Provided material:
--*--

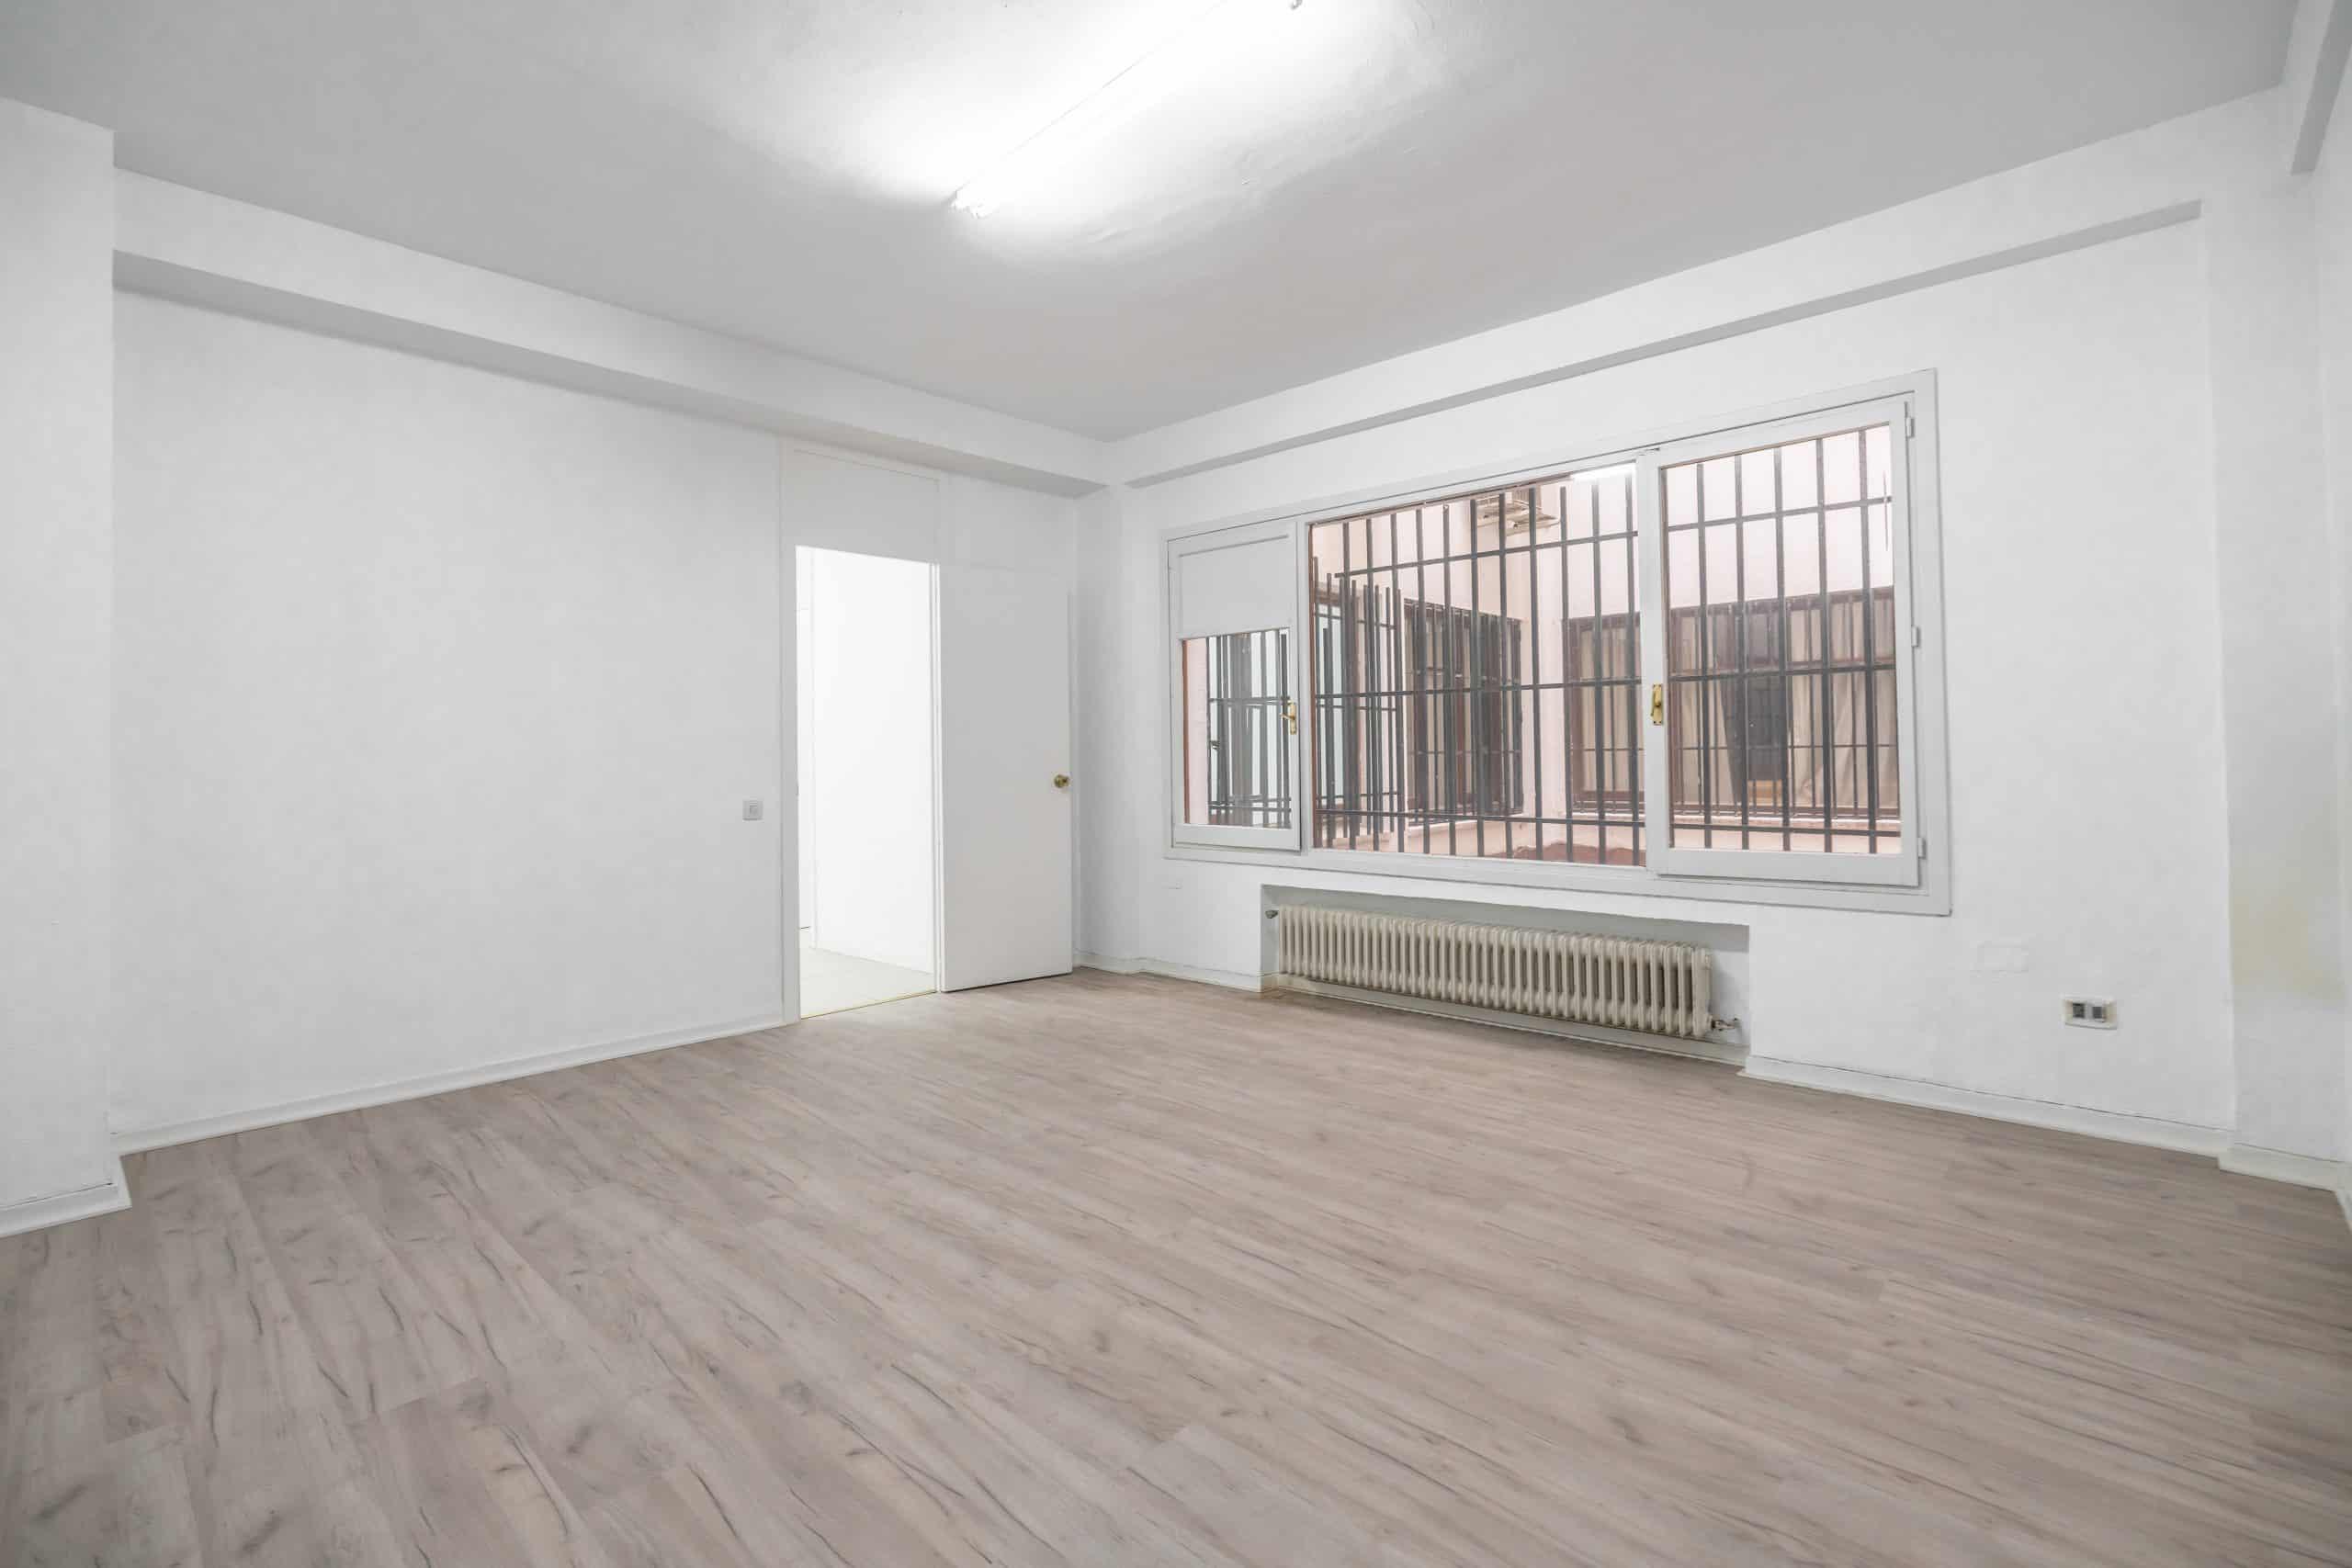 Agencia Inmobiliaria de Madrid-FUTUROCASA-Zona ARGANZUELA-LEGAZPI -calle Modesto Lafuente 41,1ºC estancia 2
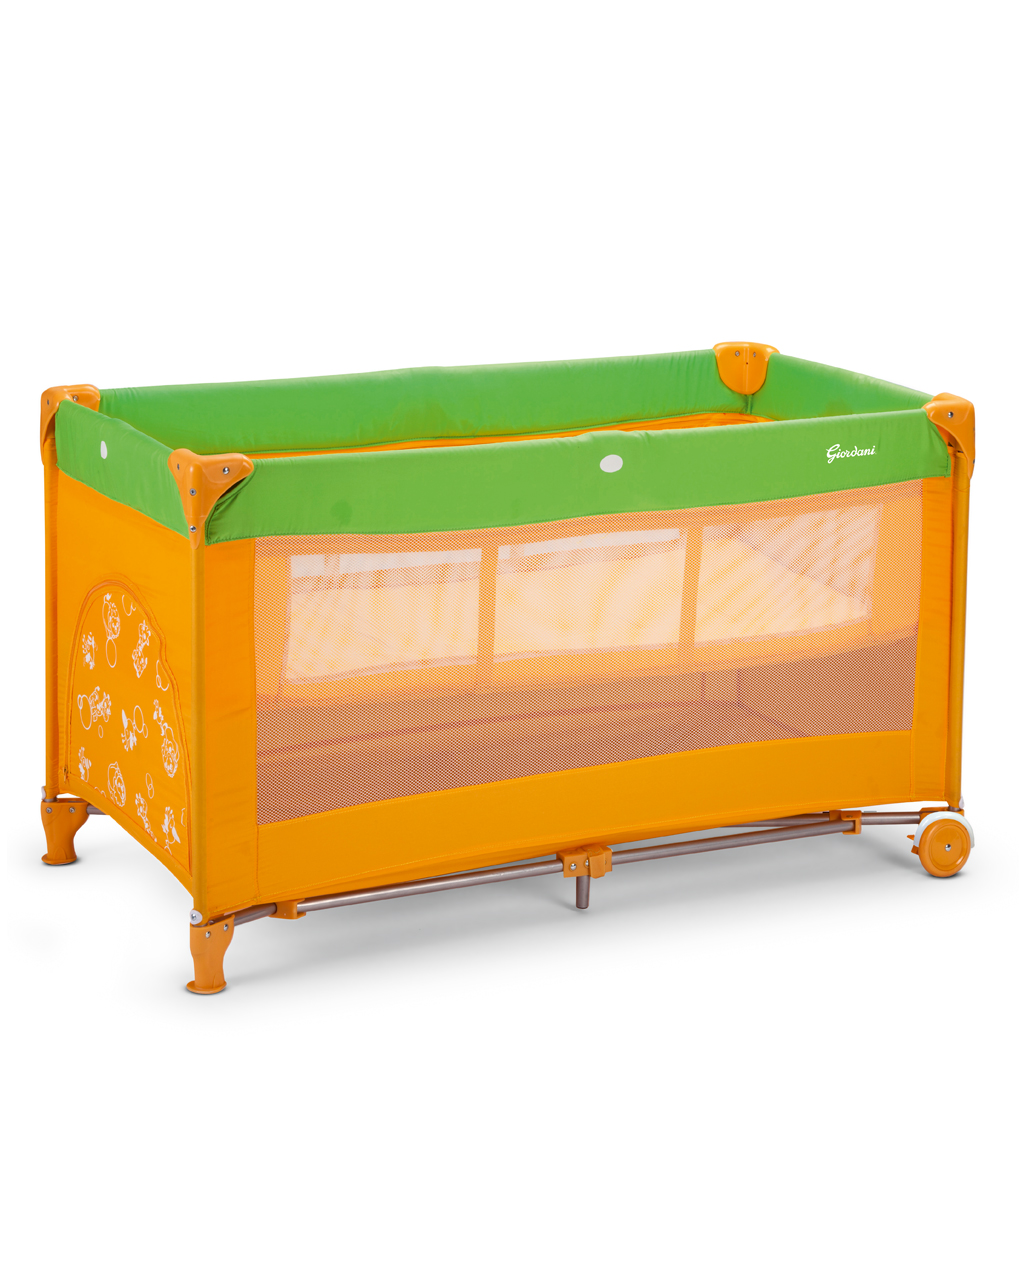 Lettino double orange/green - Giordani
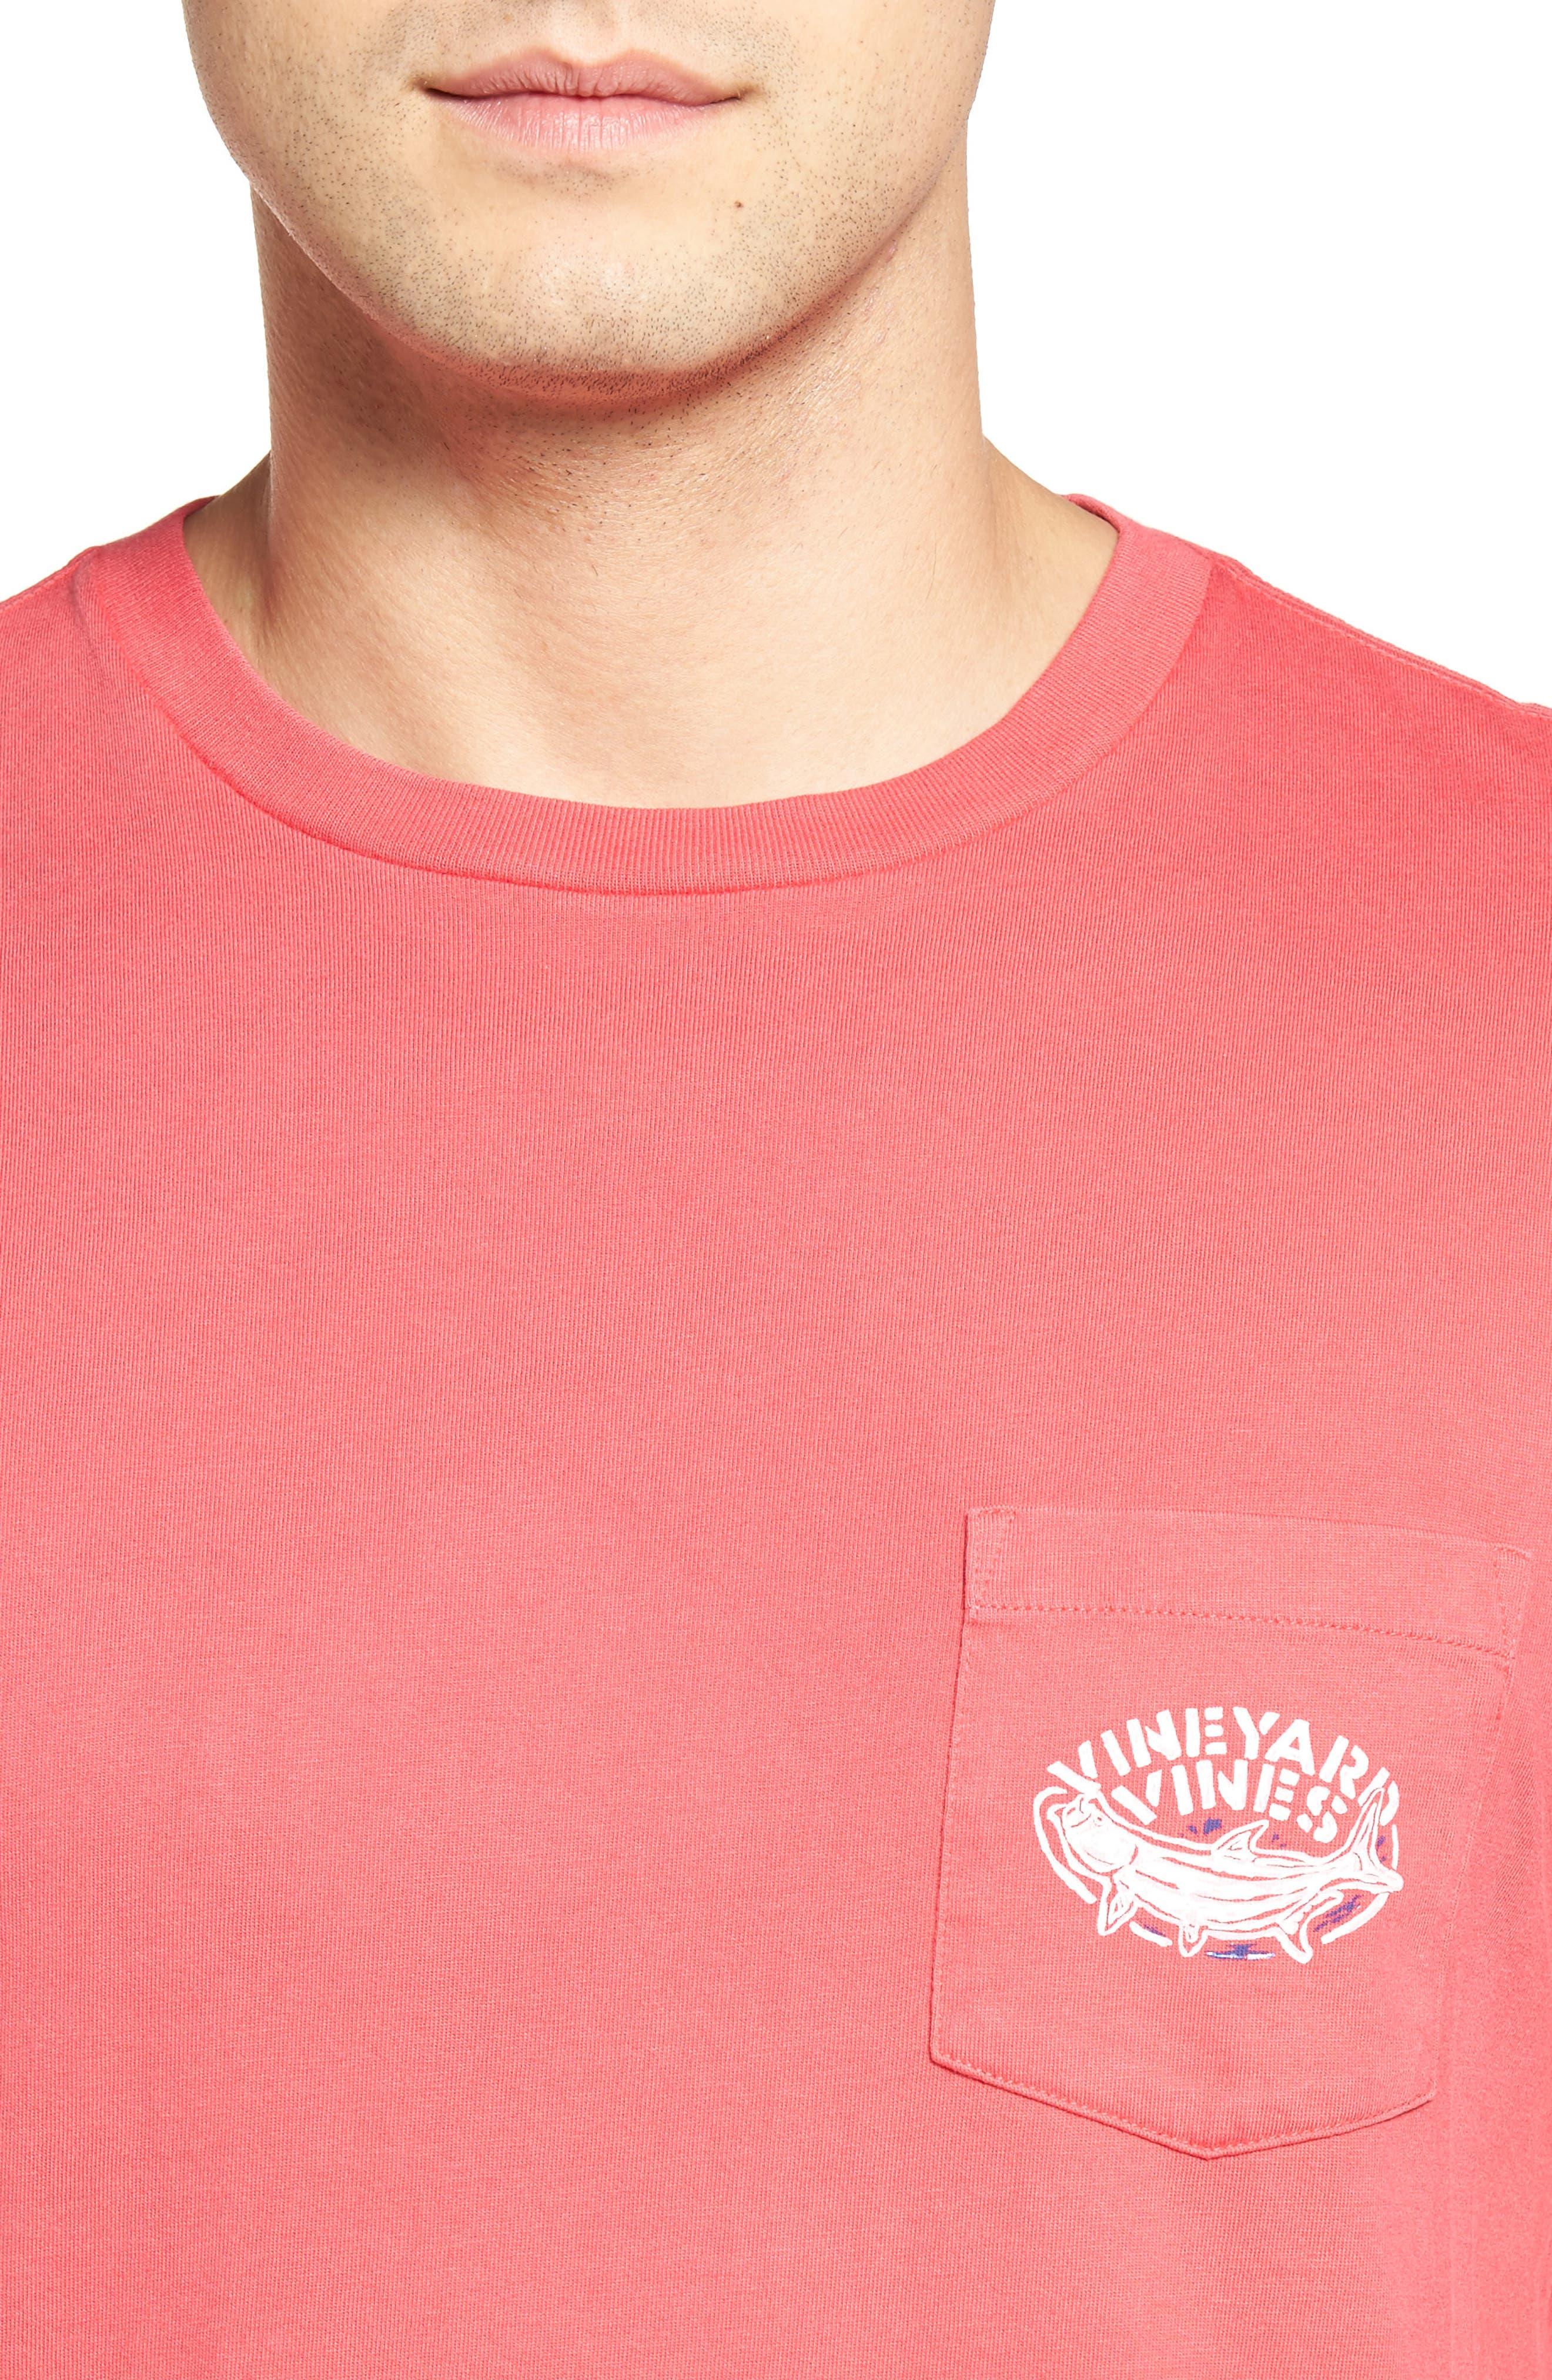 Alternate Image 4  - Vineyard Vines Stencil Tarpon Graphic Pocket T-Shirt

--*--

Problem to work on: Print the whole listing again exactly, please. No pictures.

Task solution:
 Agencia Inmobiliaria de Madrid-FUTUROCASA-Zona ARGANZUELA-LEGAZPI -calle Modesto Lafuente 41,1ºC estancia 2
 Lettino double orange/green - Giordani
 Alternate Image 4  - Vineyard Vines Stencil Tarpon Graphic Pocket T-Shirt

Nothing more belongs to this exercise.